И еще им нужен испуг. Он им так же необходим, как и недоумение, чтоб обзавестись разностью потенциалов, чтоб получилась э. д с. для таких маленьких-премаленьких механизмов — автоматиков — которых так много у них внутри.

И игры у них такие же. С обязательным испугом», — подумалось ему сумбурным потоком, быстро и колко, как будто вытащили ершик из молочной бутылки, а подумалось-то ему это, глядя на старушку, что сидела на лавочке и играла с младенцем. «Ух!»— пугала она младенца «Ух!»-пугал ее он и оба были довольны.

— Город родимый!.. — чуть слышно простонал Мангушев.

«Кажется, что здешние люди, — продолжал чуть постанывать про себя, но уже тише Мангушев, — все время силятся что-то перед собой разглядеть, и мнится порой, что люди эти, вроде и не родились еще вовсе, а сидят они в утробе и ждут своего часа, в полной уверенности, что он придет, наступит, пребывая при этом в сизом слизистом предродовом сумраке», — проговорив эту тираду, он икнул от умственной натуги и все-таки продолжил -«И смотрят они на этот мир, как порой дети смотрят сквозь воздушный шарик: прилипнув лбом, губами, носом, а потом эти взрослые дети втягивают в себя воздух и оболочка шарика лезет им в рот, и на месте рта вдруг обнаруживается обтянутая искусственной плеврой ужасная дырка».


Мангушев остановился, пораженный силой своего эпического воображения, но как только воздействие этой силы, поразившей его, несколько ослабло, он сразу же продолжил свои измышления:

«В каждом из этих людей есть хотя бы одна человеческая черта, — поди ж ты! — но цельного, целокупного (о!) человека из них не собрать, не сложить, даже если ради этого их пришлось бы всех свести на площади.
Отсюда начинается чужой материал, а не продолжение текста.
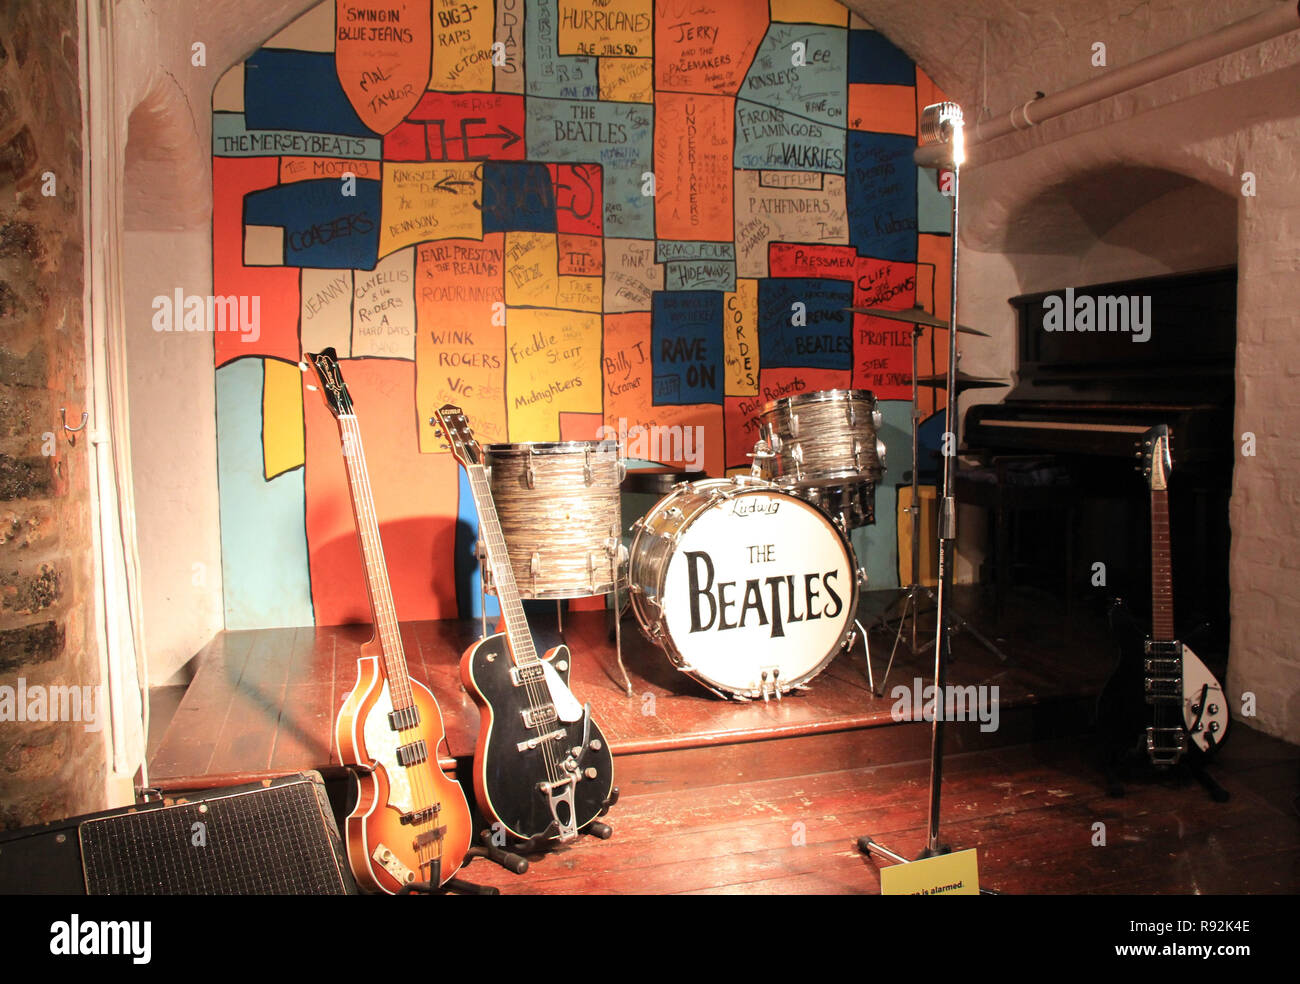 Liverpool, UK. 30th Nov, 2018. Reproduction of the small stage in the Cavern Club, where the Beatles played in the early 1960s. The replica can be seen in the exhibition 'The Beatles Story' in Liverpool. Liverpool also celebrates its famous sons in 2019. (to dpa 'Liverpool in the Beatles intoxication - Anniversary celebrations also 2019' from 19.12.2018) Credit: Silvia Kusidlo/dpa/Alamy Live News Stock Photo

Есть имена, фамилии, номера телефонов, формы носа, наконец. Но друг с другом эти люди не сосуществуют. Вот так-то!»

Он остался доволен и собственной метафоричностью и собой, как носителем этой метафоричности и длительным внутренним монологом, только что в нем прозвучавшим, и не важно произнес ли он его в действительности или не произнес. И если произнес, то случилось ли это полностью, или только частично. Очень возможно, что какие-то слова заменялись у него некоторым внутренним «та-та-та» «ти-ти-ти», но стоит заметить, что в душе его после этого тихого тарахтенья все-таки установилось состояние некоторой упорядоченной ясности, которая вполне могла сойти за состояние счастья, и в этом, именно в этом, сомневаться не приходится.

И еще не приходится сомневаться и в том, что все эти его измышления, внятные и невнятные, могли быть полностью отнесены и к самому Мангушеву.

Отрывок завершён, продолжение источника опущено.